The Raspberry Pi AI HAT+ 2 is priced at $130 and is explicitly designed for Raspberry Pi 5, partly due to its communication via PCI Express in addition to GPIO. The technical documentation also mentions an optional heatsink recommended for intensive workloads and aims for long-term production: the product will remain in production until at least January 2036.

Regarding applications, the “GenAI without cloud” approach applies to scenarios where connectivity isn’t always feasible or desirable: offline process control, secure data analysis, facility management, and robotics, among others. These are not coincidental examples—they are precisely the sectors where cloud call costs, latency, and data sensitivity can turn a promising prototype into an unviable solution.

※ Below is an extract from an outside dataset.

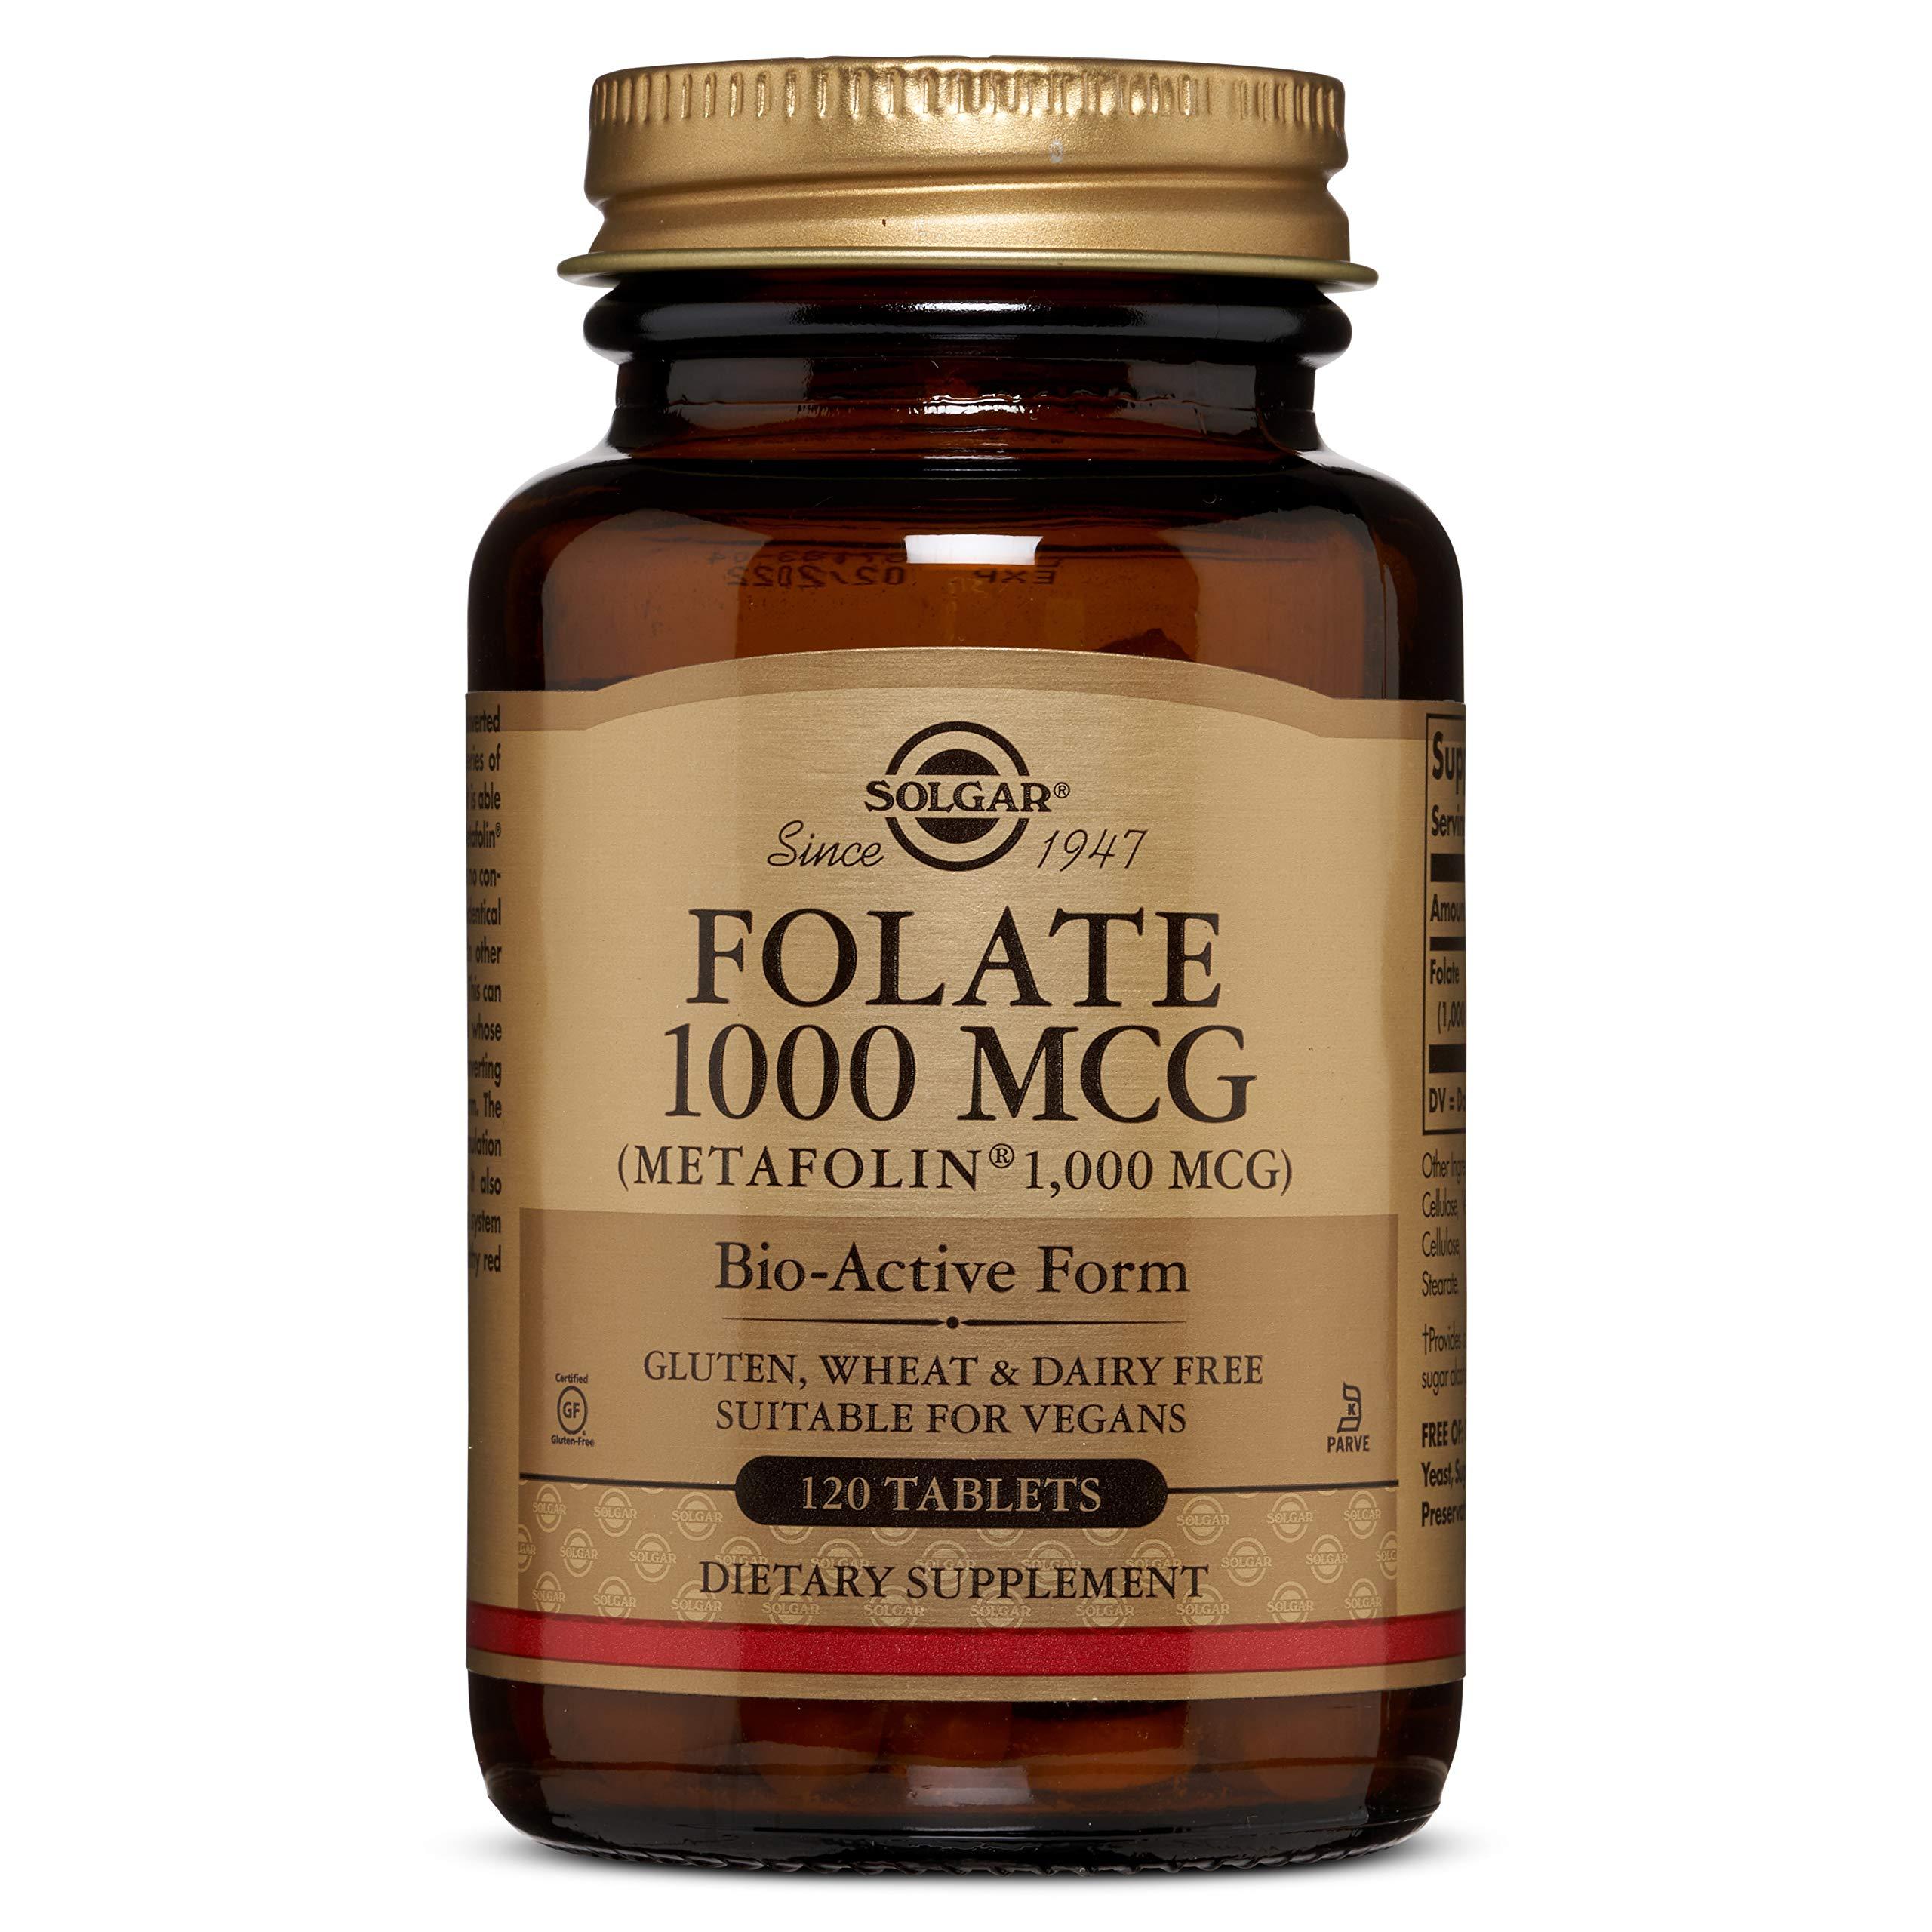 Folate 1000 MCG (Metafolin® 1,000 MCG) Tablets - 120 Count by Solgar
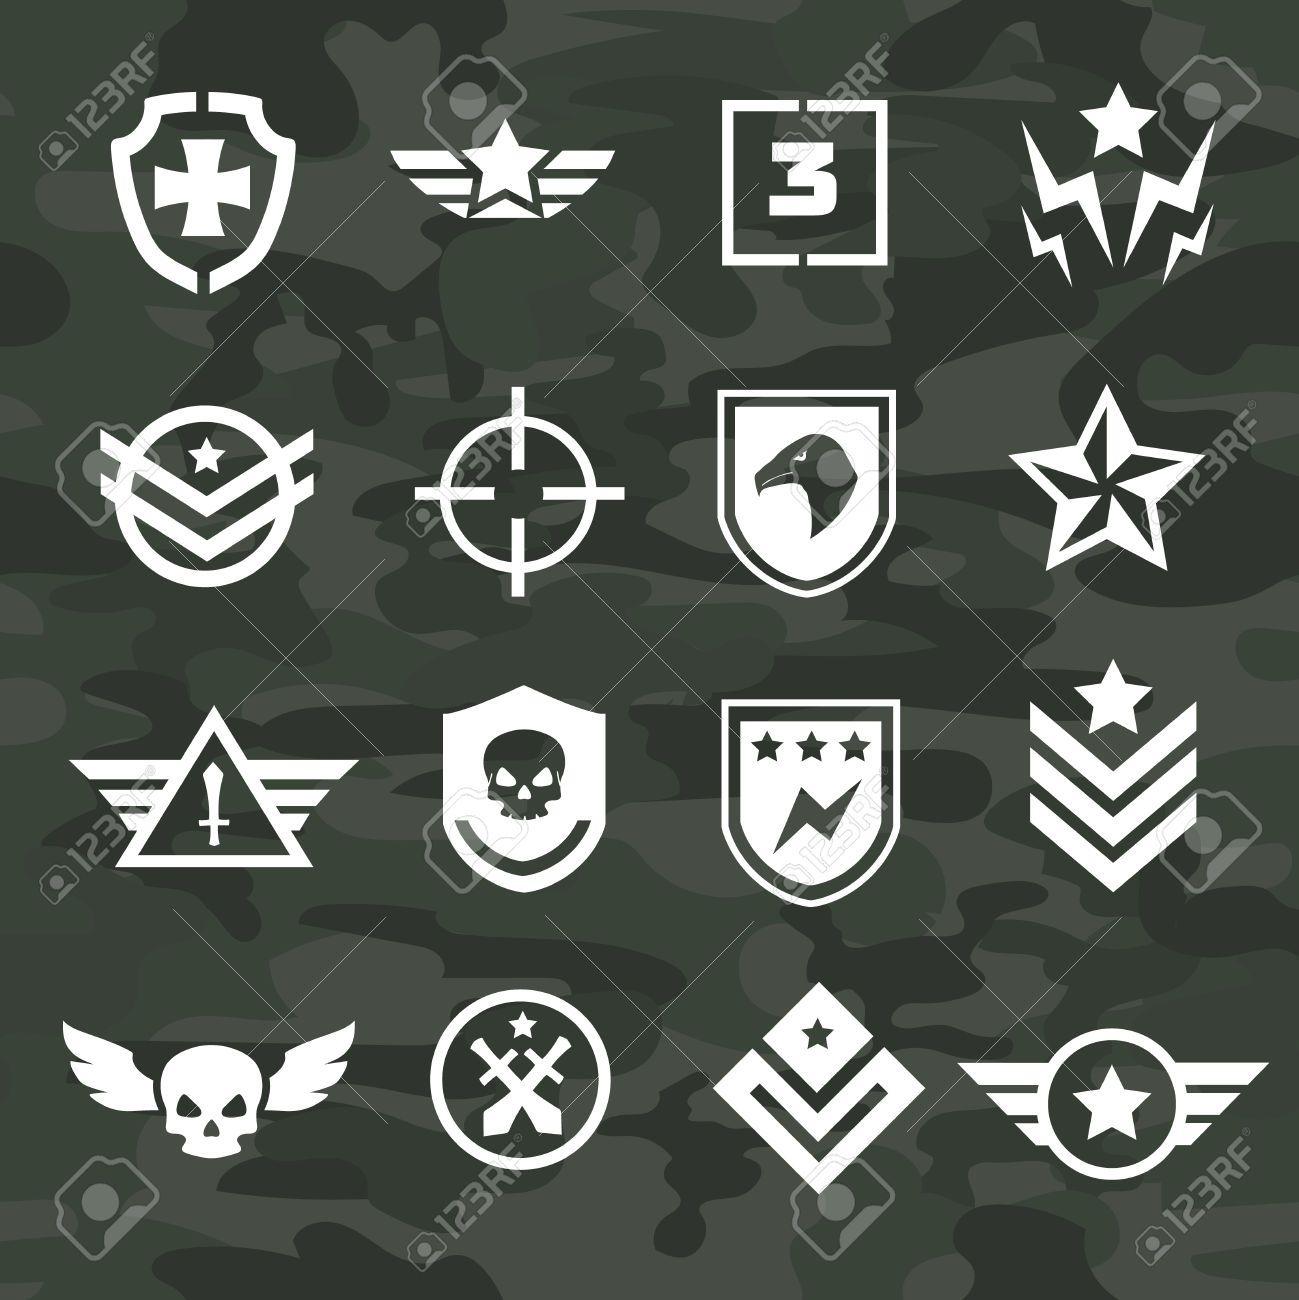 Resultado de imagen para signos militares | Tactical Stuff and ...

Frequently Asked Questions

What is the purpose of the Raspberry Pi AI HAT+ 2 if the original AI HAT+ already exists?
The original AI HAT+ was optimized for vision models (object detection, segmentation, etc.). The AI HAT+ 2 adds an accelerator designed for generative AI and includes 8 GB of dedicated RAM, enabling local execution of LLMs and VLMs on Raspberry Pi 5.

Which language models can be installed initially, and what sizes do they have?
At launch, models like DeepSeek-R1-Distill (1.5 billion), Llama 3.2 (1 billion), and various Qwen (1.5 billion) variants will be available, with plans to add larger models later.

What are the advantages of running a local assistant on Raspberry Pi versus using a cloud API?
Primarily, data privacy, lower latency, offline operation without relying on internet connectivity, and cost control (no payments per use or dependence on third-party providers). This is especially critical in industrial, educational, or IoT environments.

Can models be “personalized” for specific tasks with the AI HAT+ 2?
Yes. Raspberry Pi supports LoRA for fine-tuning language models and the Hailo Dataflow Compiler to compile adapters and run models tailored for particular needs (e.g., translation, speech-to-text, scene analysis).